Efficacité à tout prix
Cette cohérence de ton, plutôt rare dans un paysage cinématographique plutôt enclin à varier indéfiniment les registres en passant de la comédie à la tragédie, caractérise un polar qui peut également être dégusté plus simplement, au premier degré, comme un formidable morceau de suspense échevelé. Hard day, en plus de démontrer son degré d’excellence technique (la photographie métallique est somptueuse et le film est garni d’effets de style, de plans steadicamés et de contres-plongées extrêmes aussi efficaces que justifiés), ne relâche jamais la pression, quitte à en rajouter dans l’invraisemblance pour faire durer le plaisir. S’il devient plus classique dans sa dernière ligne droite, laissant de côté les grands discours pour privilégier des mano à mano parfaitement chorégraphiés, Hard day ne tombe pour autant jamais dans l’ordinaire : chaque moment choc (et il y en a !) rivalise d’inventivité et de férocité pour mieux surprendre le public.
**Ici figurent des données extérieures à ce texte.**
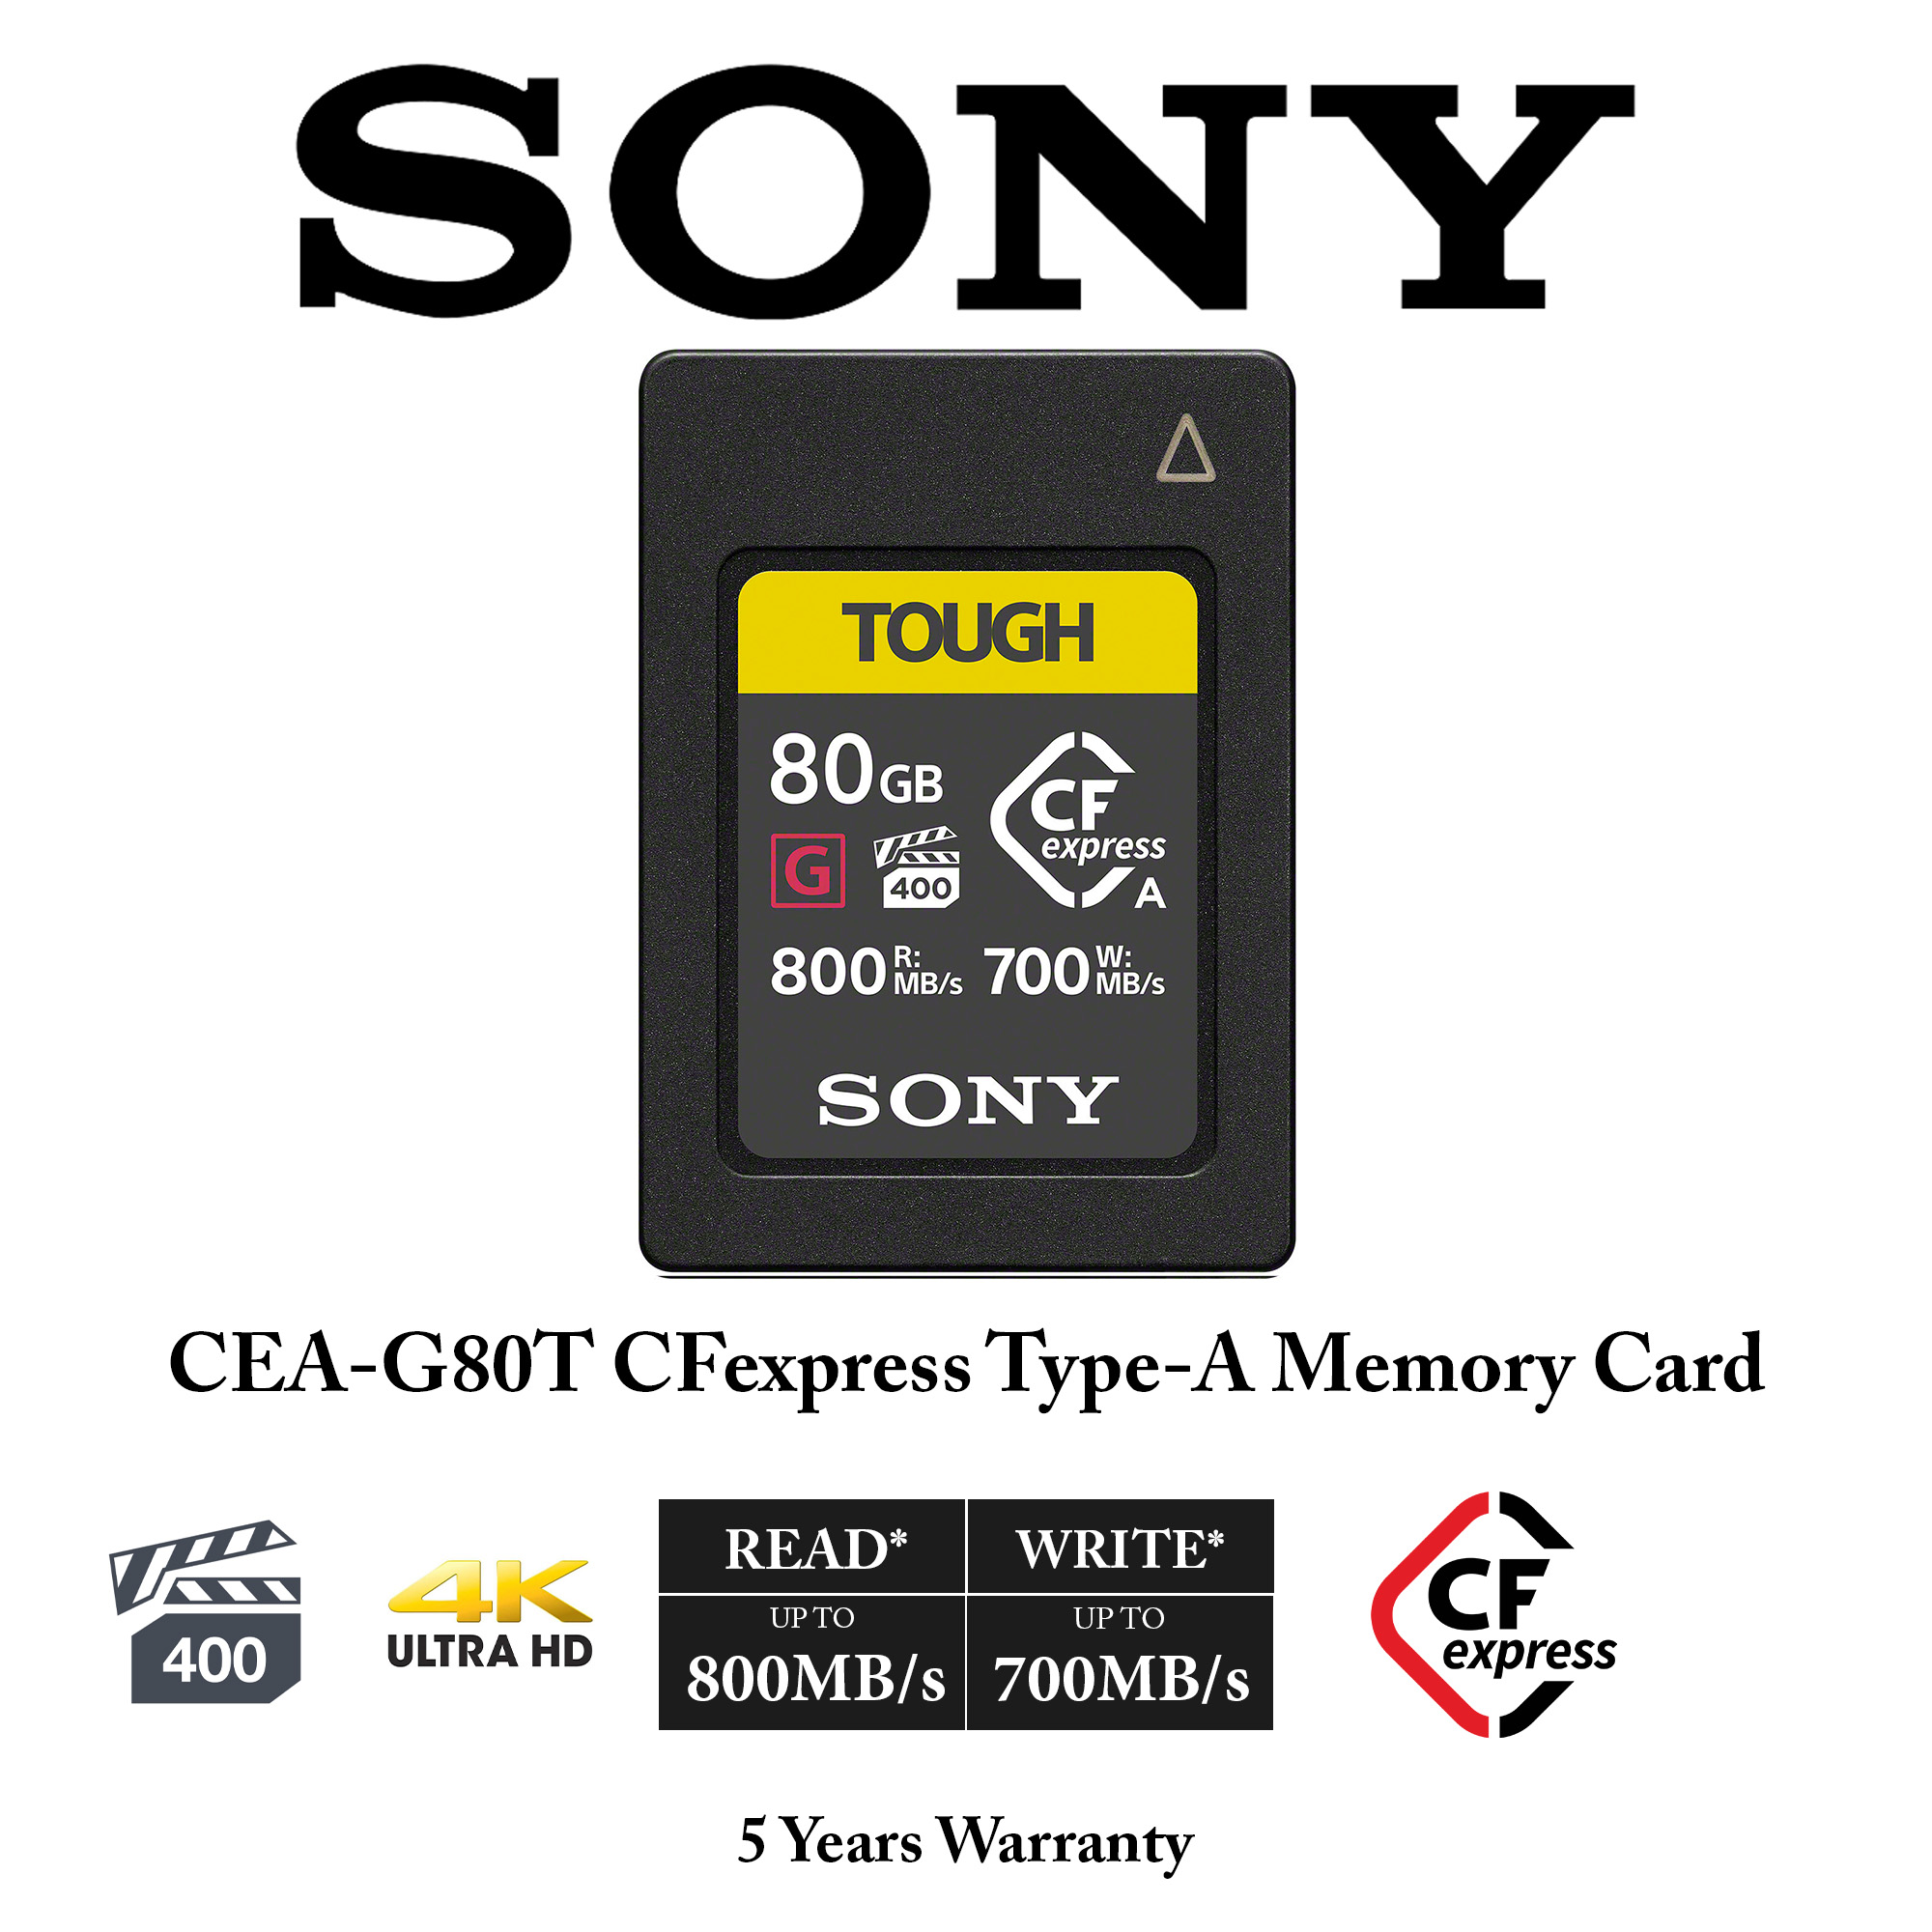 最適な価格 ソニー CFexpress Type Aメモリーカード CEA-G80T TOUGH 80GB ILCE-1 FX6 FX3 ILCE-7SM3  ILCE-7M4対応

Et ça marche, pratiquement à chaque fois, en partie grâce à la présence physique de ses comédiens, en particulier Lee Sun-Kyun, plus habitué à fréquenter les paisibles plateaux de Hong Sang-Soo qu’à jouer les punching-balls humains. Hard day lui offre sans aucun doute son rôle le plus mémorable, à l’image d’un thriller qui a gagné en 10 ans sa place au panthéon des meilleurs titres du genre. Preuve en est la multiplication des remakes ces dernières années, comme Sans répit sur Netflix, avec Franck Gastambide, ou le japonais Hard Days, également sorti sur la plateforme.